Work to be completed ->
When you reach the line holding "Pouzdro Torras Smart Apple iPad 2/3/4, black" in the material below, return that line and each one after it, word for word, with the pictures dropped.

___ Input data ___

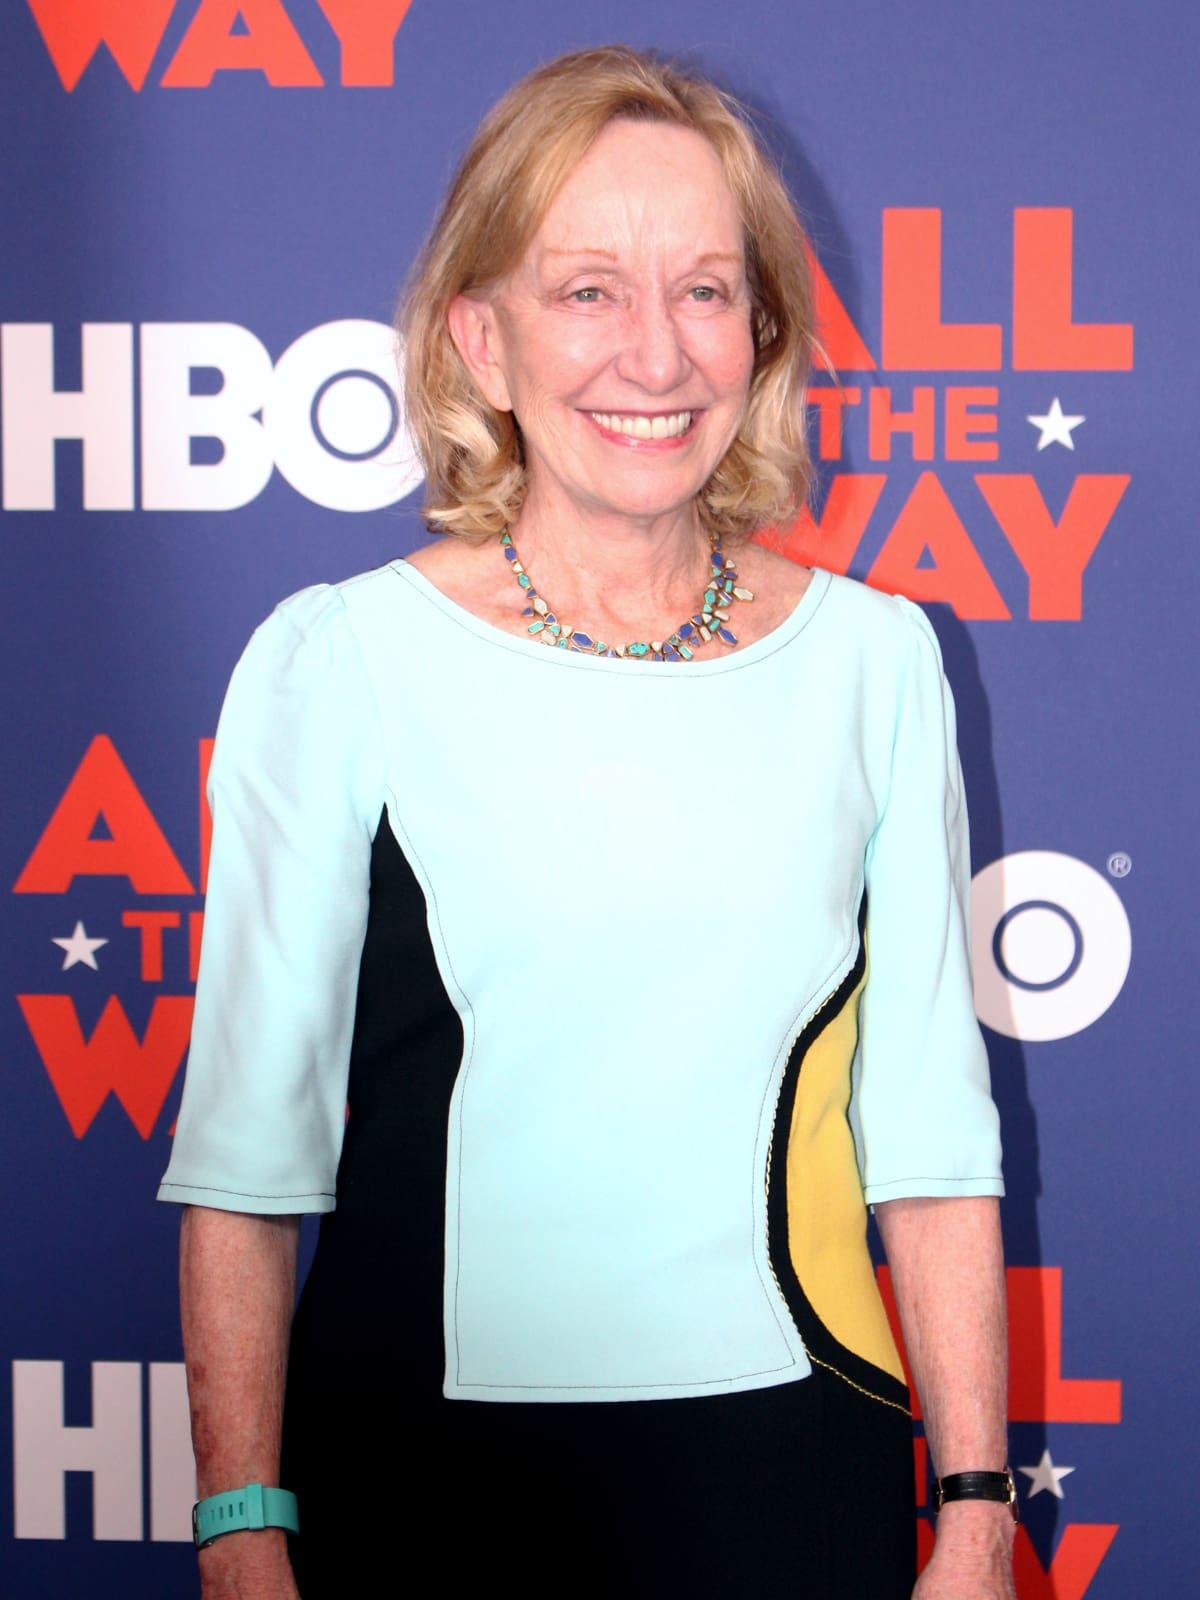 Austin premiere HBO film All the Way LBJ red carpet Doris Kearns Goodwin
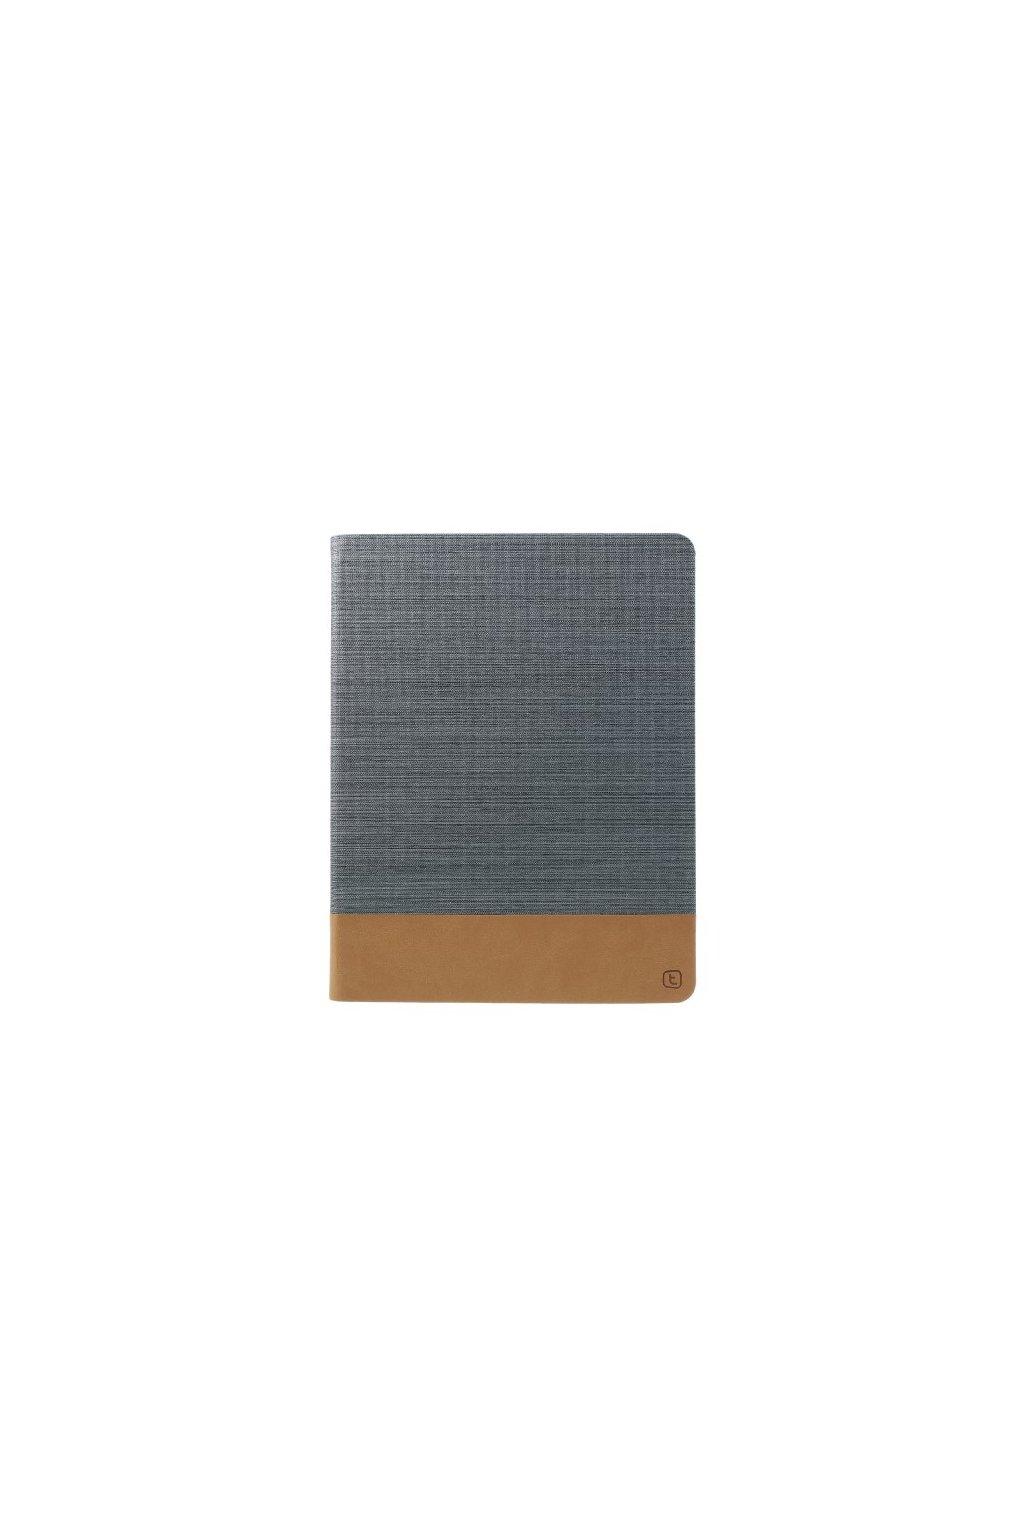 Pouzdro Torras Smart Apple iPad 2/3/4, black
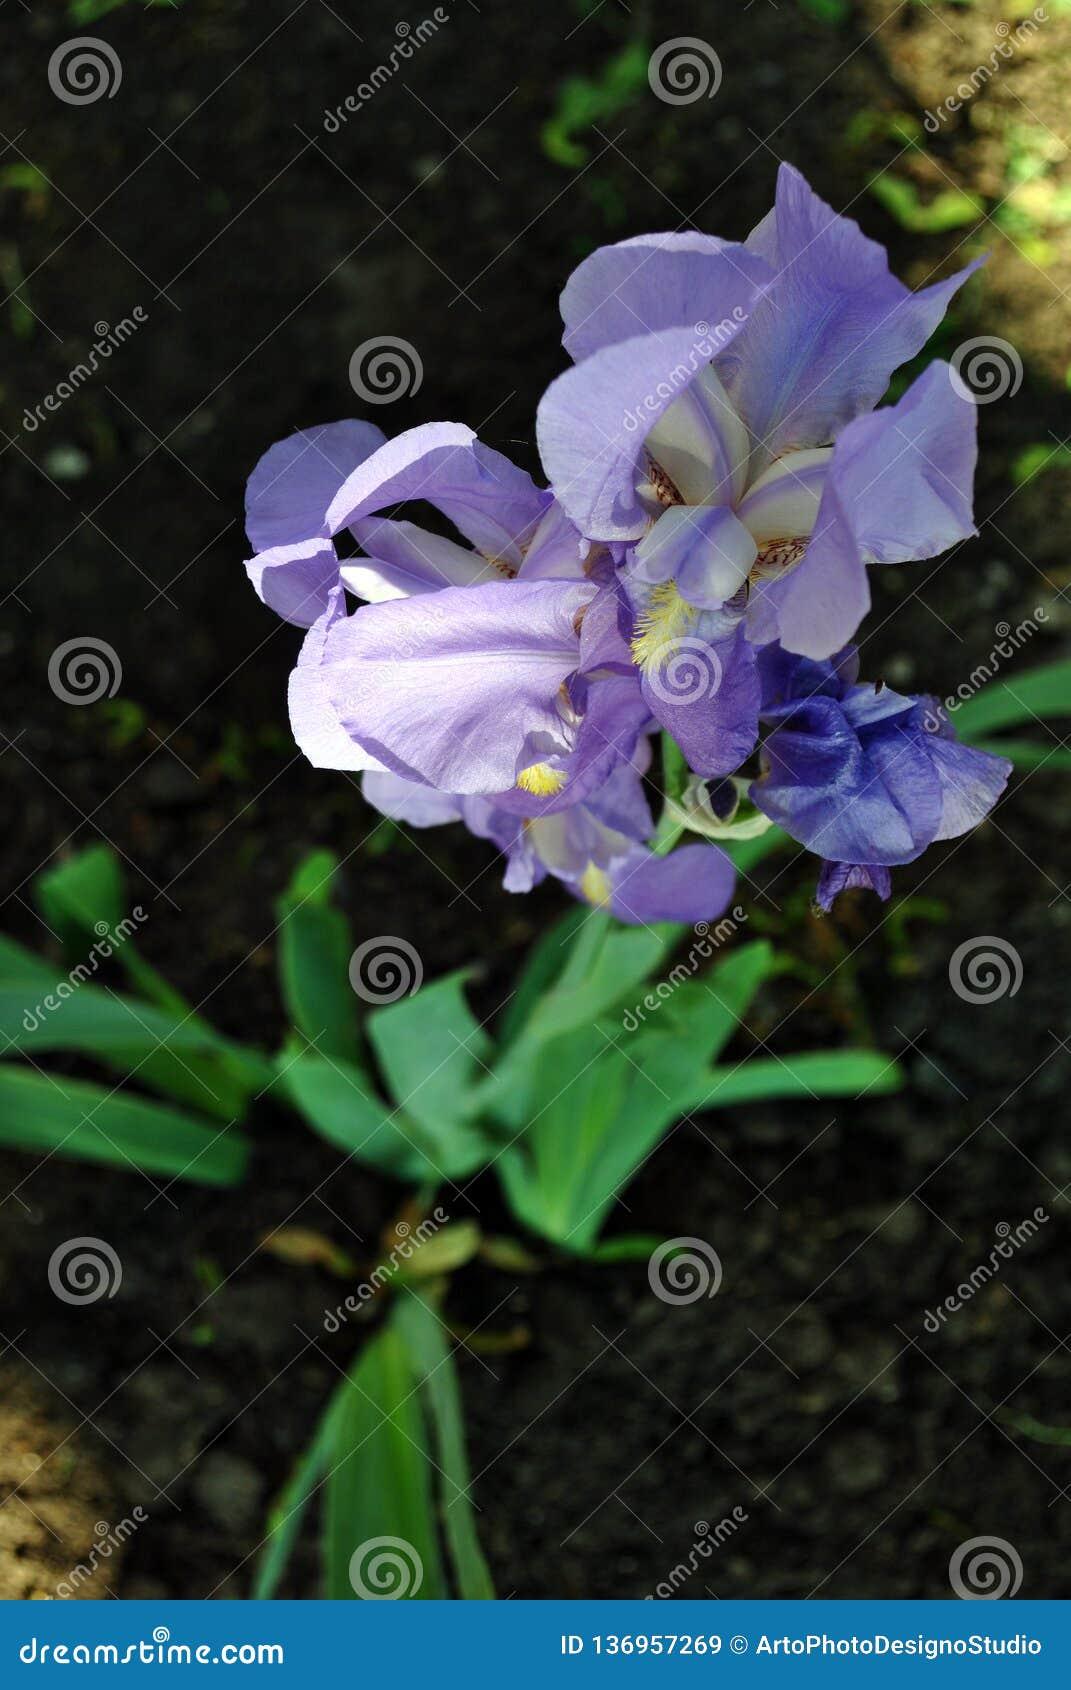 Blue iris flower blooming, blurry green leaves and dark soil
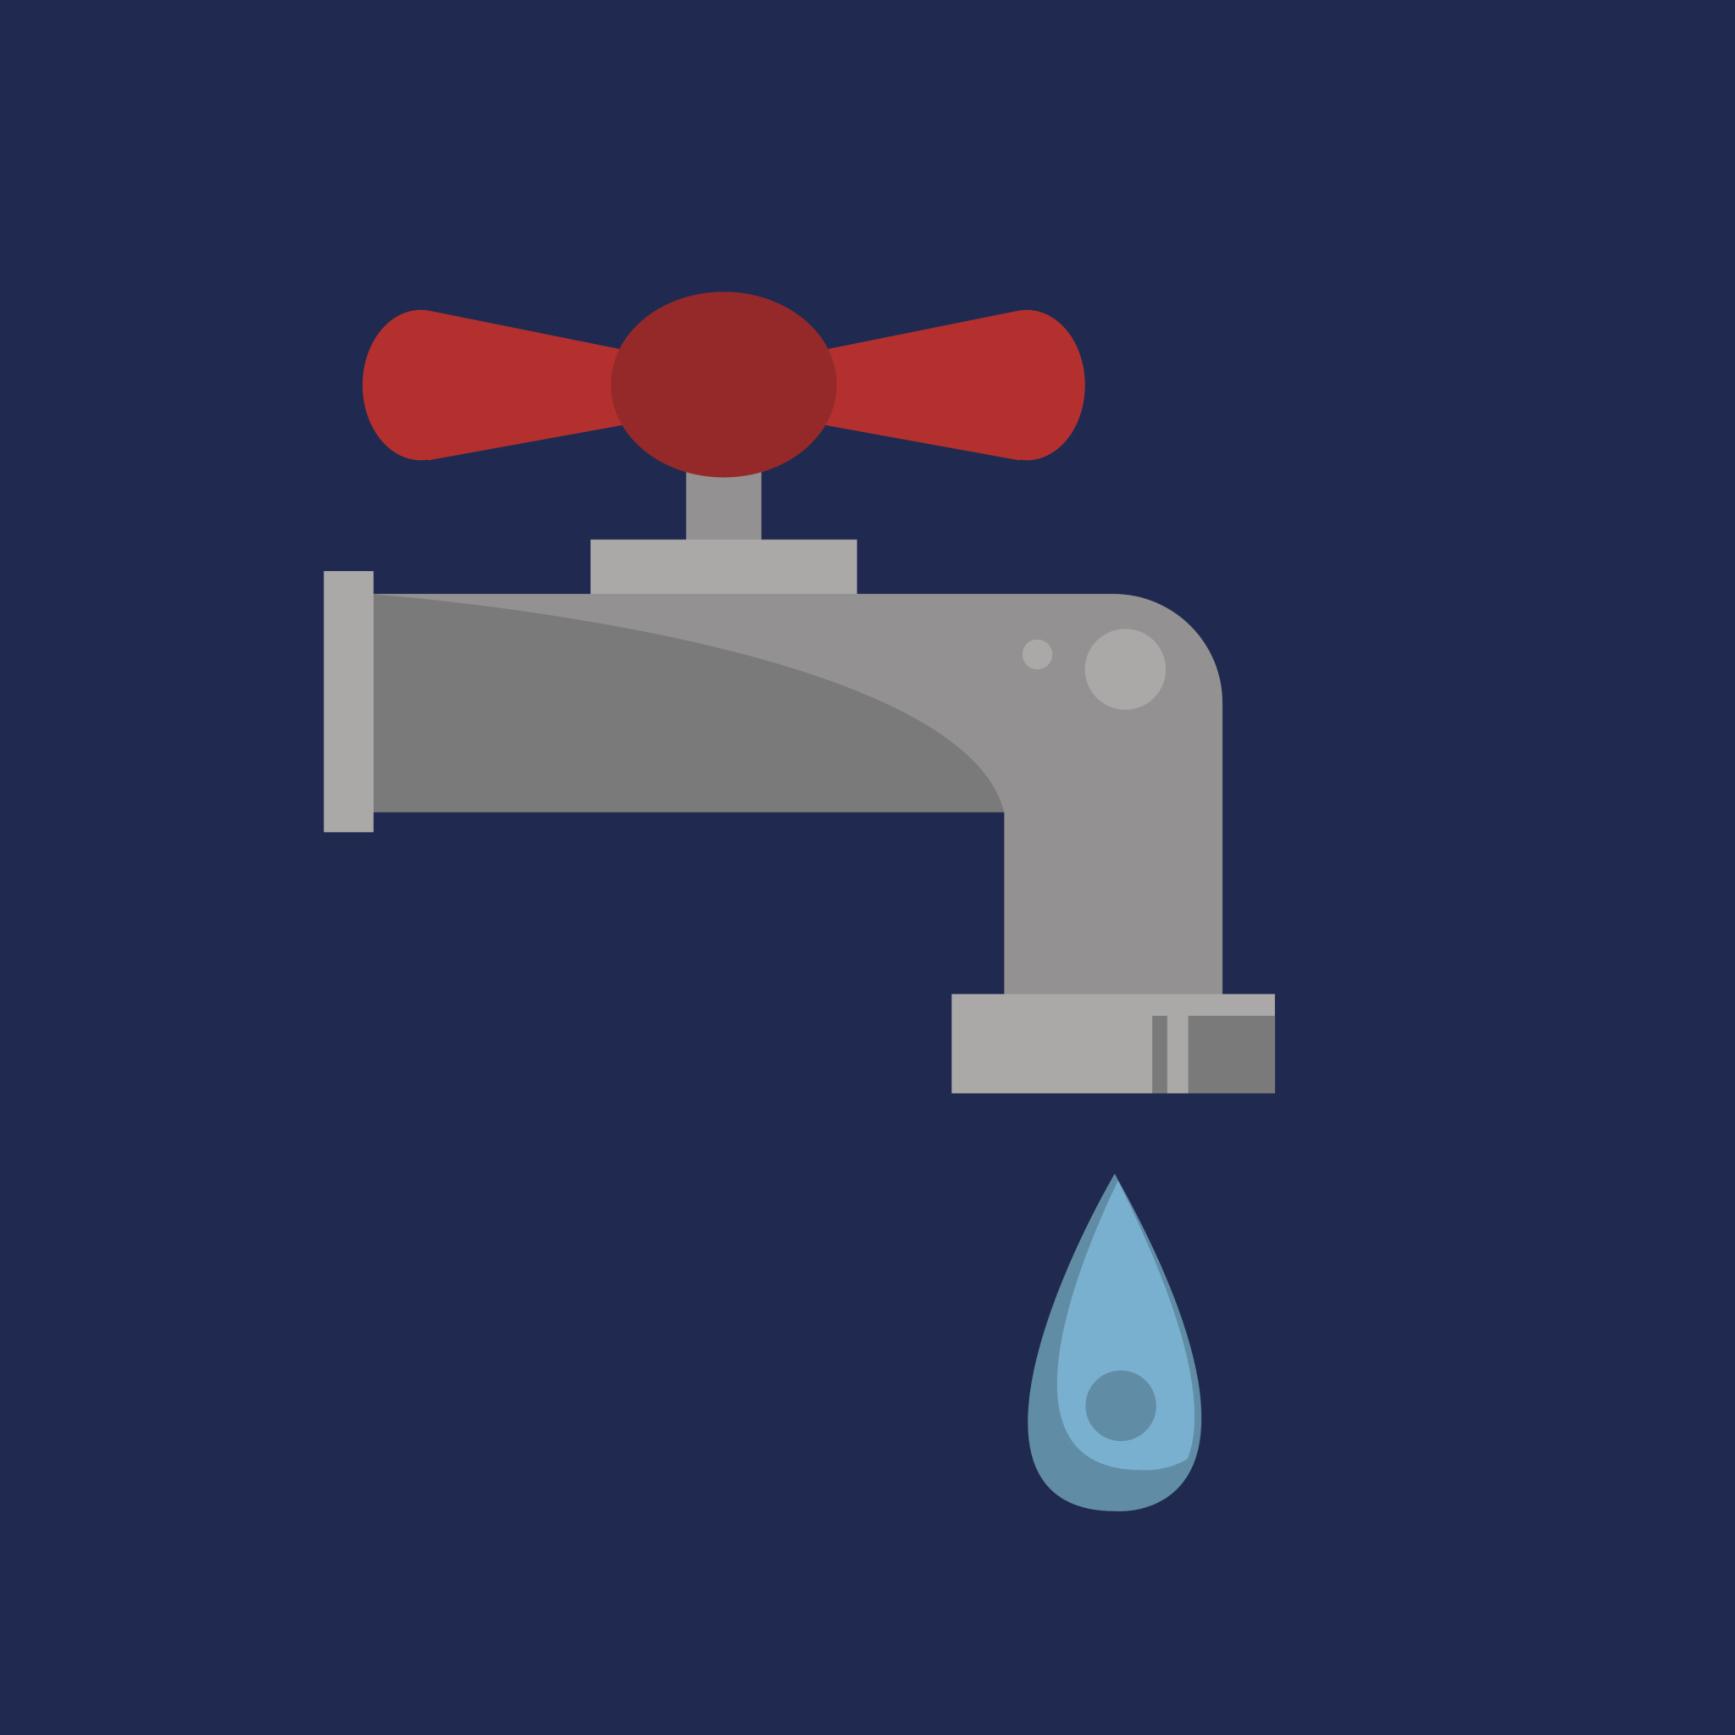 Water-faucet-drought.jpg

___

Task response ->
 Pouzdro Torras Smart Apple iPad 2/3/4, black
 Blue iris flower blooming, blurry green leaves and dark soil
 Water-faucet-drought.jpg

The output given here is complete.